M. R. K. Panneerselvam is an Indian politician Tamil and Minister of Agriculture and Farmers Welfare of Government of Tamilnadu and he has been the Minister for Health in the state of Tamil Nadu during the period from 2006 to 2011 Minister for Backward Classes during 1996  He was born in Muttam and has a bachelor's degree in Law.( The Tamil Nadu Dr.Ambedkar Law University)

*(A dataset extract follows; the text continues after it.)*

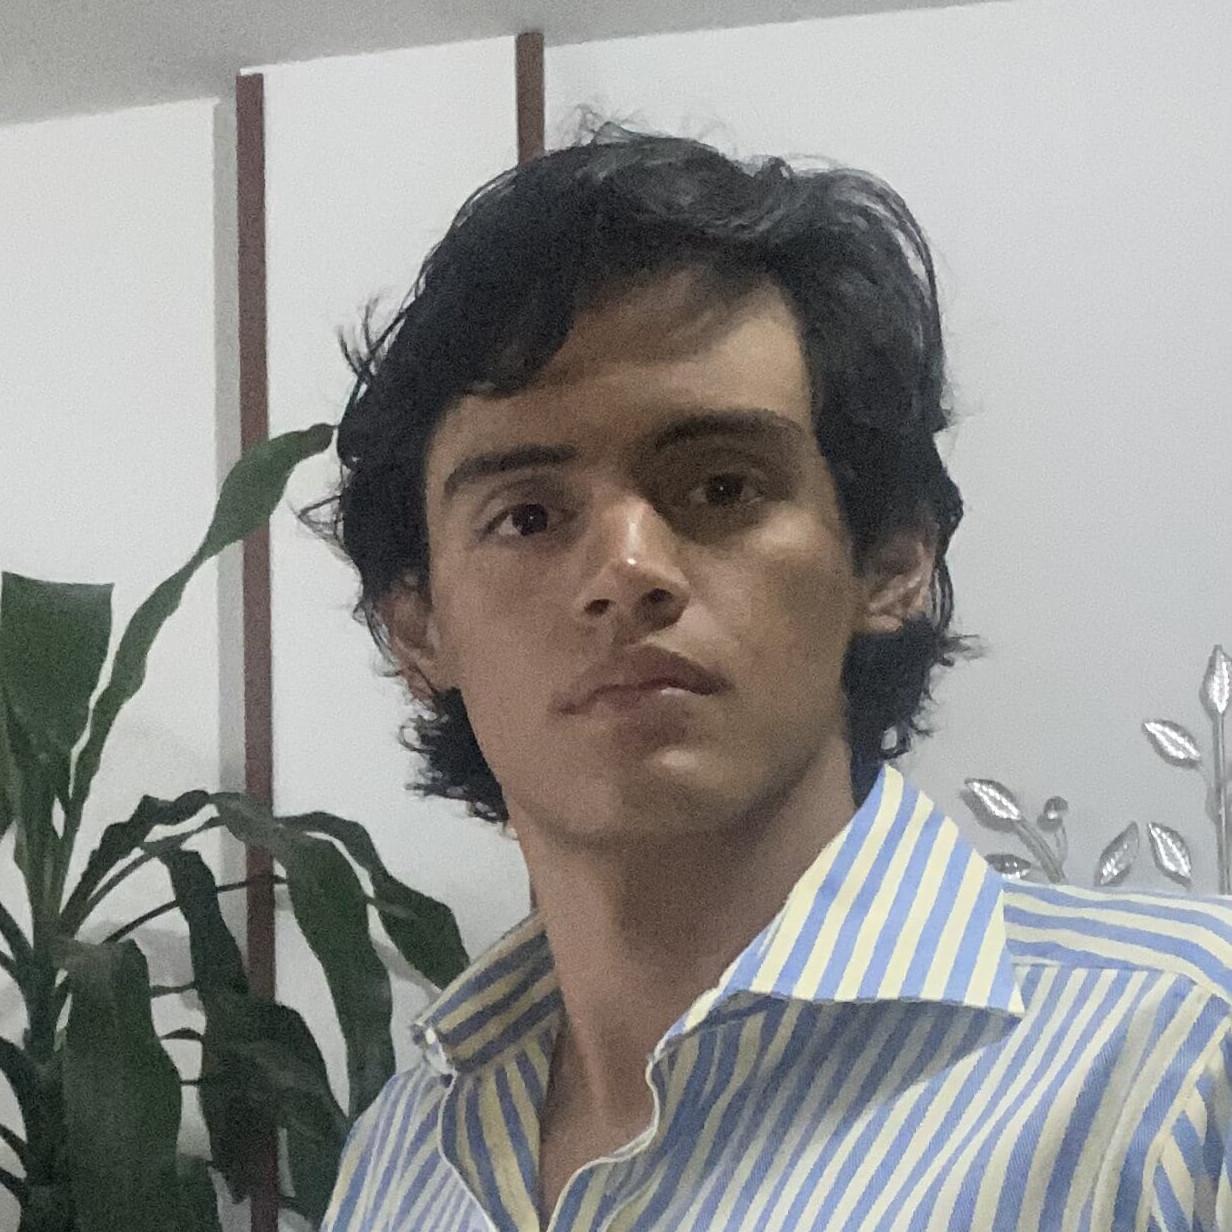 Fabian Parra

Panneerselvam has been elected to the Tamil Nadu Legislative Assembly on five occasions from the Kurinjipadi constituency as a candidate of the Dravida Munnetra Kazhagam party. These were in the elections of 1996, 2001, 2006, 2016 and 2021.

Agriculture Minister 

As promised in the DMK election manifesto, a separate Agriculture Budget for the state was presented on 14 August 2021. MRK Panneerselvam, the minister for agriculture and farmer’s welfare, presented the budget and said that it was in line with the views of farmers and experts, whose opinions were sought before preparing it.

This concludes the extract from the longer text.